Enough analogies, let's have a concrete example.
Let's say you want to compare depression symptoms in men and women.
So you ask three questions: How many days in the past week have you:
I create a latent variable based on this, and error and loadings look good. Now I want to compare the means of the latent variables, so I fix the male latent mean to zero. I constrain the intercepts of the three measured variables to be equal across groups.
Women and men do not differ on how much they have felt lonely, how much they have felt sad, but then we find that women say that they have cried more than men.
Does that mean that the women have 'more' depression than the men? If we anchor to crying - yes. If we anchor to the other two variables - no. We don't have intercept invariance, and because of that, we can't compare the means of the latent variables.
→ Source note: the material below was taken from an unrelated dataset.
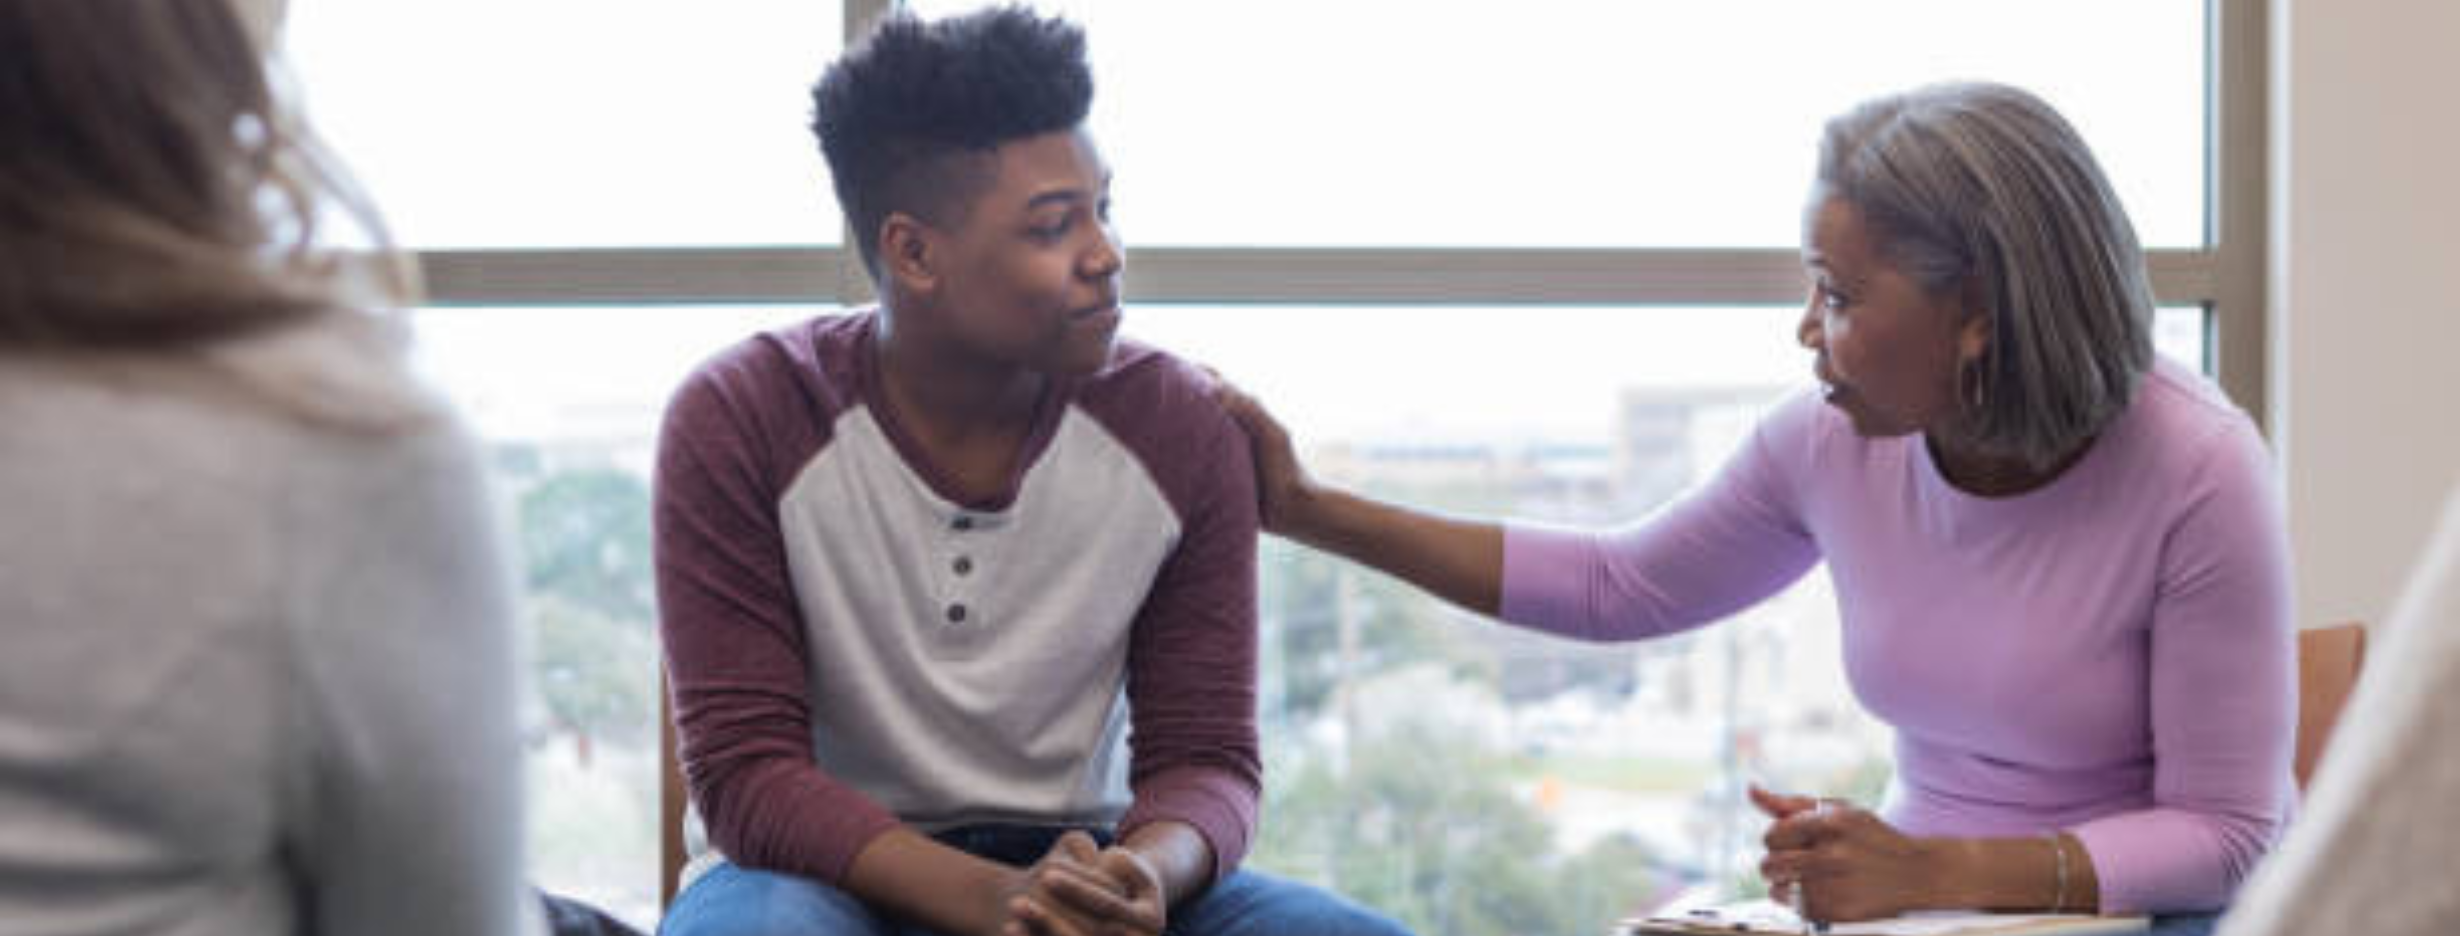 Black teen getting support from adult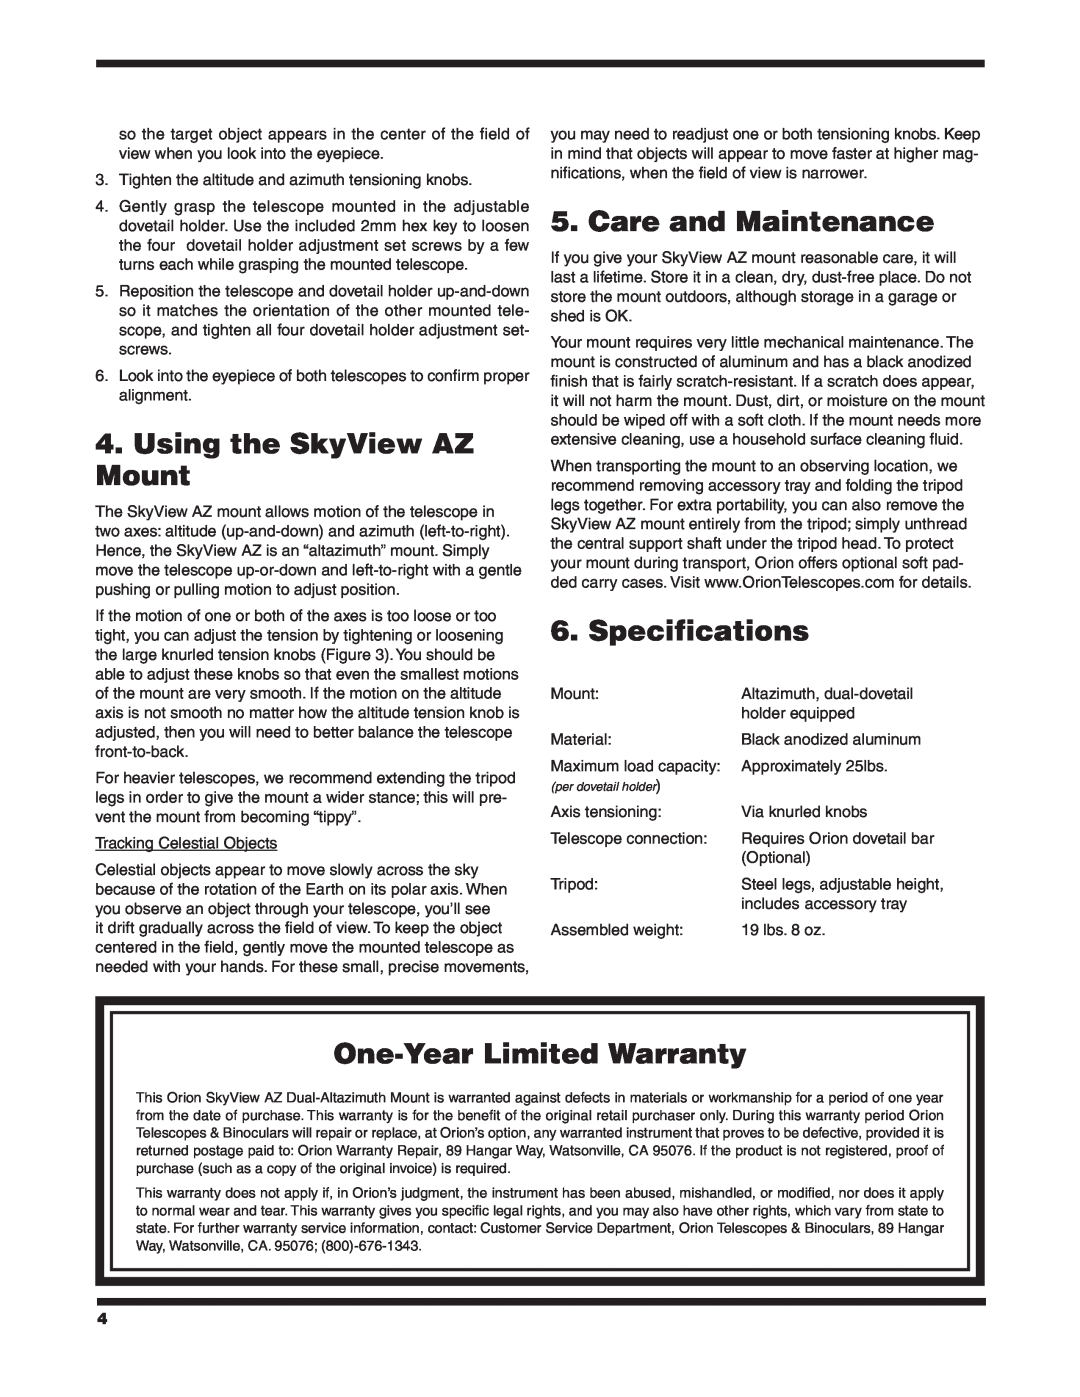 Orion 9017 instruction manual Using the SkyView AZ Mount, Care and Maintenance, Specifications, One-Year Limited Warranty

Another (only slightly different) way to think about it. The intercept of the measured variable is the expected value of the variable if the mean of the factor is equal to zero. The predicted values for the measured variables should be the same between men and women when the values of the factors are equal (that is, when the value of the factors is zero). But the predicted values of the measured variables are not equal when the factors are equal. Some are equal (in our example, 1 and 2), one is not (3).